Insider says it only wants to define views as when people actually watch its videos, instead of scrolling past them in a news feed. It’s why the publisher, which has been one of the prime examples of a digital media company achieving huge scale very quickly off the back of Facebook’s News Feed videos, is prioritizing 30-second video views over the three-second view that is made publicly available on Facebook.
The 30-second view metric is the number that Insider’s 105-person video team will focus on internally as it develops and produces new videos and shows, and it will also be the number Insider Inc. presents to the press and to marketers. On a related note: Insider said it crossed 1 billion 30-second views per month this summer.
“You make what you measure,” said Tony Manfred, Insider’s head of video. “If we organize ourselves around three-second views, then we’re probably going to make a lot of videos designed to get three-second views. As we have been working through where we have been the last three years and where we want to go, 30-second views is a solid and useful metric that represents the type of scale and quality of viewership we want to achieve.”
Insider’s shift comes as the company hit 4 billion views across platforms — with a lot of growth coming from YouTube, which generally measures views around the 30-second mark, Manfred said. In September, across its 12 YouTube channels, Insider hit 154 million YouTube video views, according to Tubular Labs. Average watch time on the platform has been up 70 percent year over year, Manfred said, citing internal YouTube data.
Insider’s growth on YouTube has also come as the publisher itself has focused on longer and longer videos. When Insider launched as a distributed-media brand, the publisher was focused on 45-second videos with no sound — perfect for the Facebook News Feed. Today, every video made by Insider is at least three minutes long (Facebook’s rules dictate that videos have to be at least three minutes long in order enable its mid-roll video ad breaks). Insider is also actively producing episodic shows, including the Facebook-funded “Business Insider Today,” which can run for eight minutes or longer.
“Once we started making longer videos that had more meaty stories to them, our YouTube views exploded,” said Manfred.
With Insider focused on longer videos, the publisher is also making fewer videos overall.
One complication with the 30-second view is that not every platform offers this metric easily. Facebook and YouTube provide video makers with a 30-second view stat, but other platforms do not, Manfred said. In such instances, Insider will look at other data to estimate 30-second views. For instance, some platforms offer charts that show view retention across “four quartiles” of the video, Manfred said. Here, Insider will look at the number of views at the 25 percent mark of a video, and with most Insider videos running for a minimum of three minutes, the resulting stat comfortably passes the 30-second benchmark.
“These are conservative estimates, but we want to work with platforms to develop a preferred metric,” Manfred said.
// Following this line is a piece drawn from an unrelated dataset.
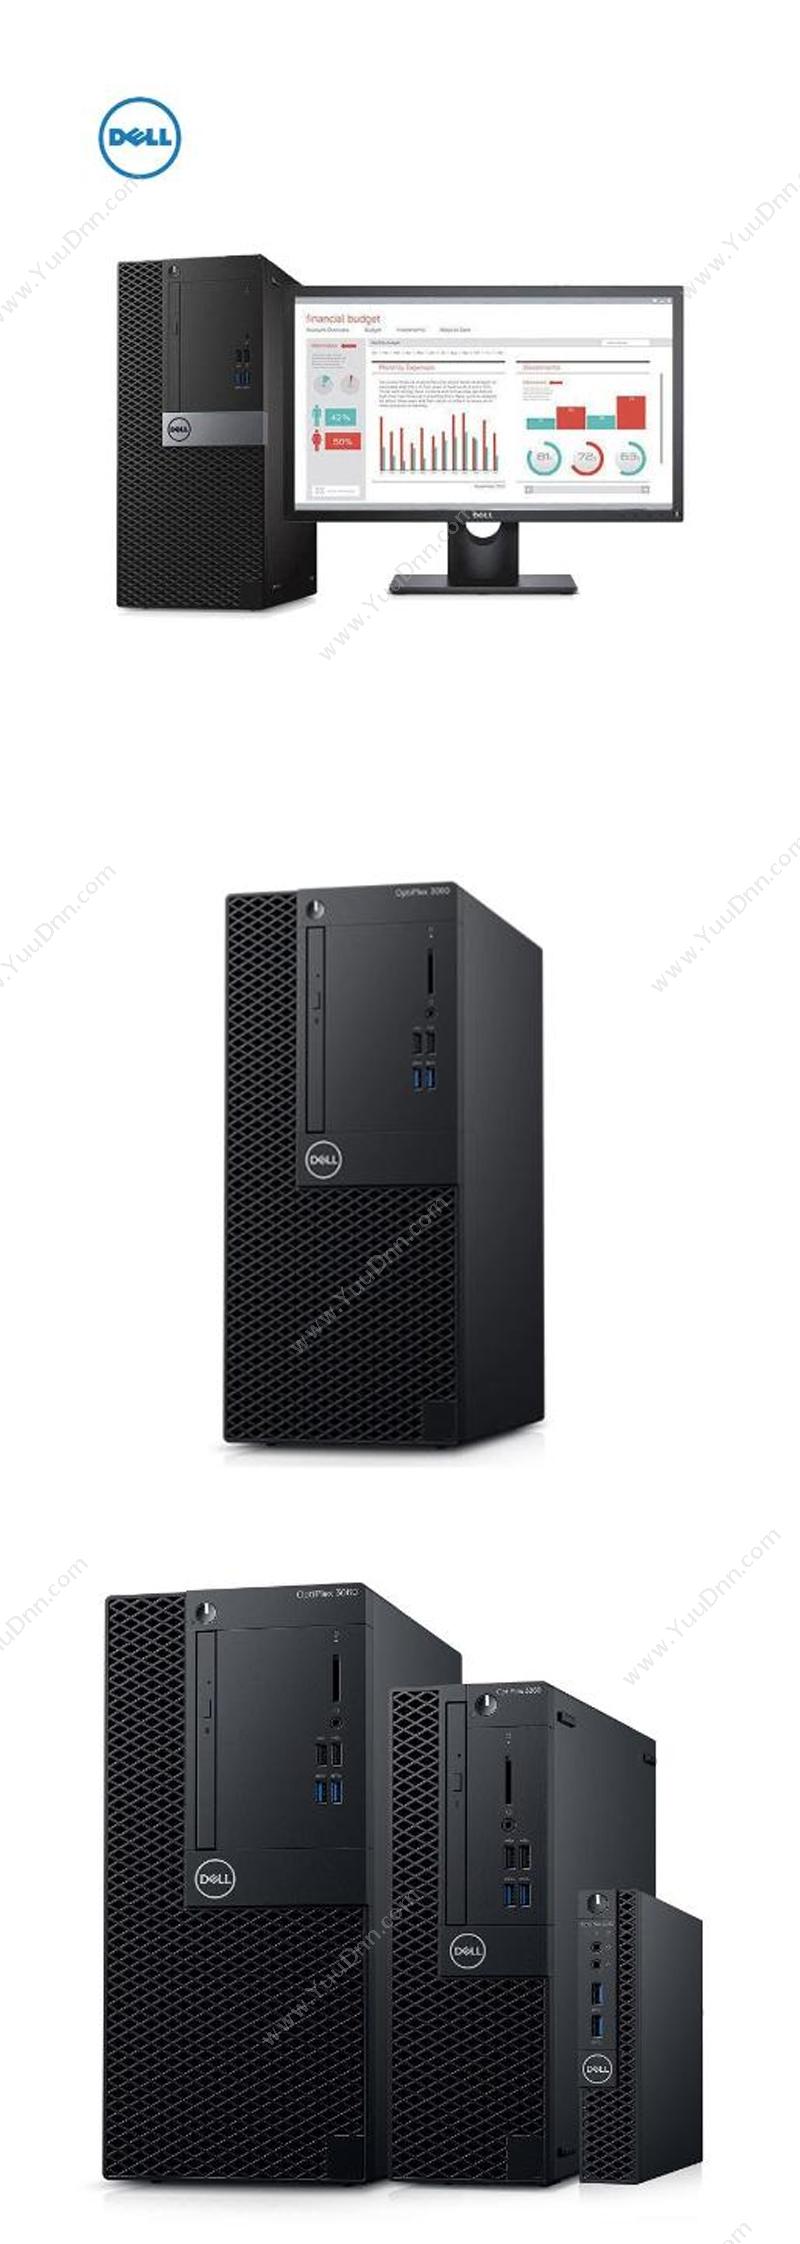 戴尔 Dell OptiPlex 3060 Tower 230782（i5-8500/4G/1T/2G独显/DVDRW/硬盘保护/19.5显示器） 台式机 台式电脑套机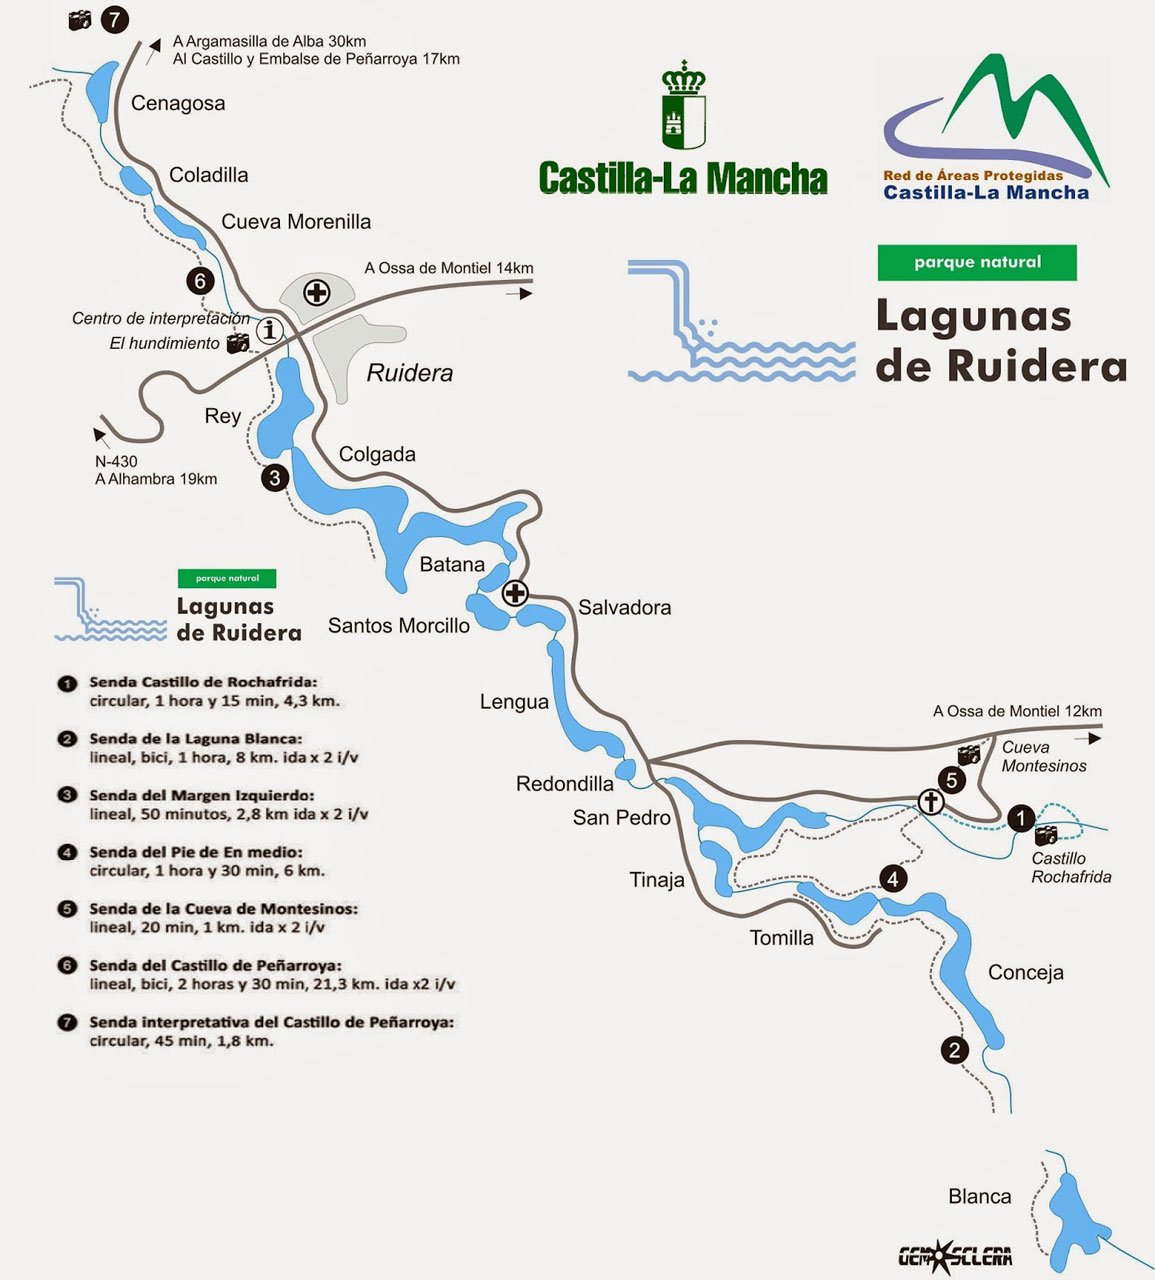 Mapa de las Lagunas de Ruidera en Castilla la Mancha

Insider’s shift to focusing on the 30-second view is a good way to assess whether people are actually watching its videos — and it’s a savvy PR move at a time when the media industry questions the value of Facebook and News Feed-driven social videos. It also helps that even after trimming out the fly-by views, Insider still lands at 1 billion 30-second views.
“It’s a great way to generate press coverage and gain additional credibility amongst media buyers and brands in a time when digital publishing as a whole is going through a bit of a slump,” said Brendan Gahan, founder of social agency Epic Signal. “Although this won’t necessarily impact all marketers, this could be a nice self-selection tool where [Insider] ends up working with advertisers who actually care about the quality of their media plans versus meaningless impressions.”
Insider’s shift tracks with other moves the company has been making to attract more meaningful video ad dollars. It’s one of the publishers that is measured by Nielsen’s Digital Content Ratings product and, this summer, launched a connected TV app to host its longer videos for the big screen.
Manfred said that the decision to prioritize 30-second views required some time for higher-ups to buy in. “Initially people were worried that this was going to be bad for us because our numbers would be lower,” he said, “But at 1 billion, we are still massive.”